Yes, there are indeed rest stops and even some buses with toilets on board. I believe that it is the state of the facilities that causes my body to make the decision to only allow urination during the course of travel. The toilets on the buses are cramped, soiled and generally both extremely foul smelling and looking--not to mention the fact that you're being bounced around in this hot, fetid mess as you attempt to do your business--no thank you. The rest stops are hit and miss with regards to the overall condition of the facilities and I believe that my body has decided to play it safe and freeze all activity until its arrival at its destination. Thank you body! For those of you who find this tid-bit to be "too much information"I apologize--as I said, it's just something that has been on my mind and I felt as though I needed to share. Thank you for indulging me.
On to my experiences in the wonderfully beautiful, dirty, friendly, raw, and never dull, Cambodia. I have had so many mind-opening, fun, sad, amazing and memorable experiences in this newly (and rapidly) developing nation. For easier digestion for you, the reader, I will attempt to break down my many stories into separate sections. I cannot guarantee the chronological sequence of events (I apologize in advance to anyone reading this that was there and remembers timing differently--I've waited too long to put this update together for complete accuracy) for the following bits of my life.
My first week in Cambodia was spent along the southern coast, first in a port/beach town called Sihanouk-ville, then a few days exploring the towns of Kampot and Kep further to the east.
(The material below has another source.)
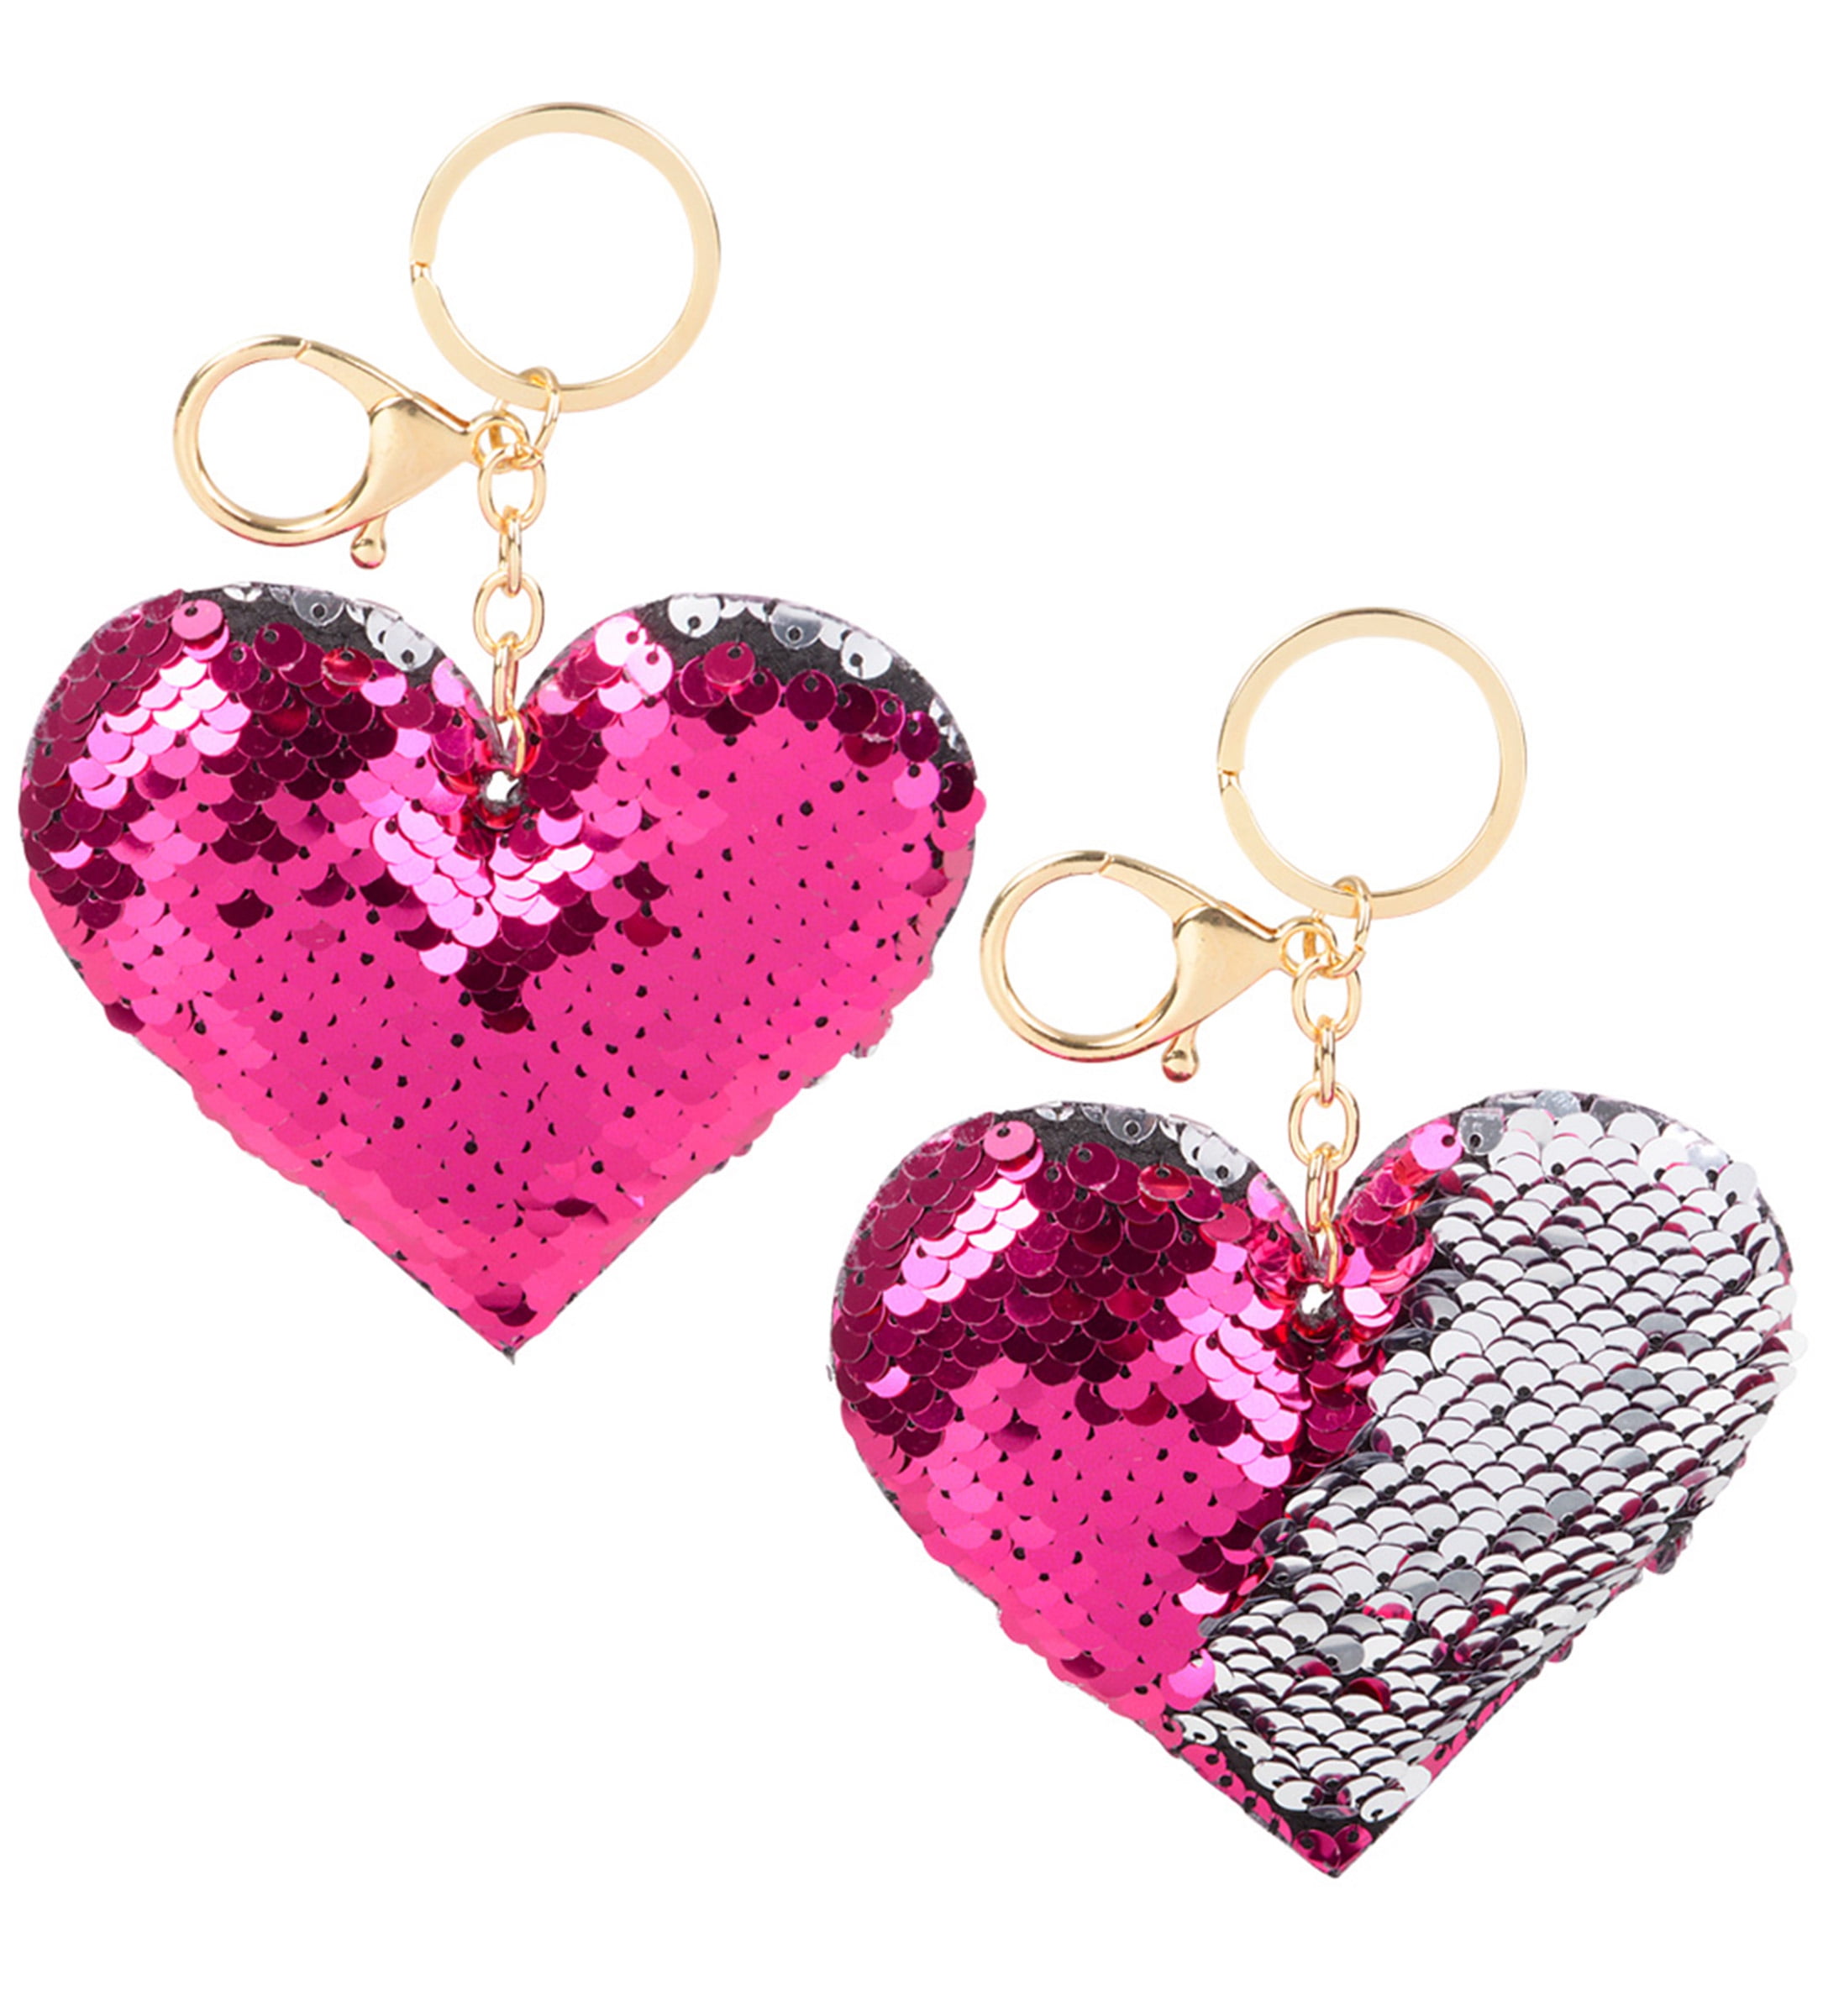 Picture Keychain Heart Keychain Heart Picture Keychain Resin Photo Keychain Flower Heart Keychain- Custom Heart Keychain
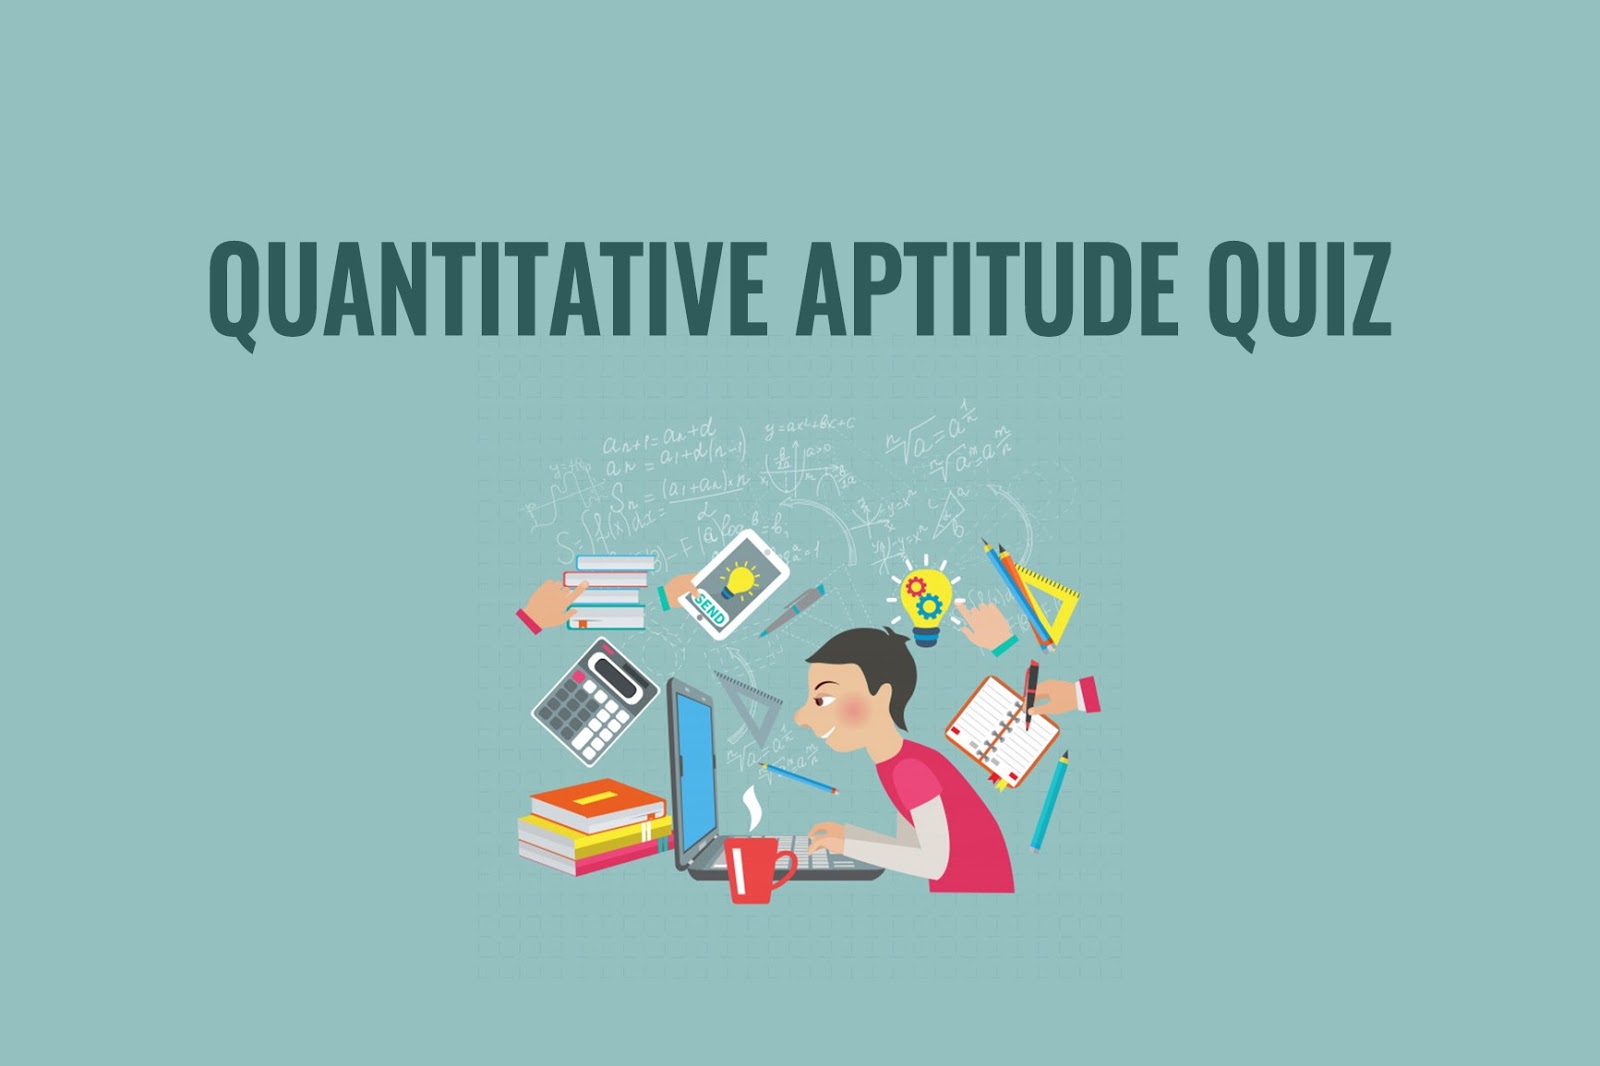 quantitative-aptitude-session-04-youtube

Sihanouk-ville is a bustling port and a holiday town that is split by a point of land that cuts off the port and starts the main beach areas that attract both Cambodian (Khmer), Asian, and Western tourists to their turquoise water and white sands. The Serendipity beach area is were I wound up nesting--I ended up spending ten days in Sihanouk-ville over three separate occasions--it's an easy place to stay. It is mainly built for Barang (like the word Farang in Thai and Laos, originally referred specifically to the French but has since been adopted to describe all white skinned foreigners) tourists. It is a funky place with lots of restaurants, bars and guest-houses both one the beach, as well as just inland. I had a fantastic time staying at the English run Monkey Republic guest-house where I felt at home with the staff (both English & Khmer), the food and the great many other travelers that made the "Monkey" the place to be most evenings before moving on to the late-night bars (yes, Sihanouk-ville was a time for letting loose and chilling out for me!).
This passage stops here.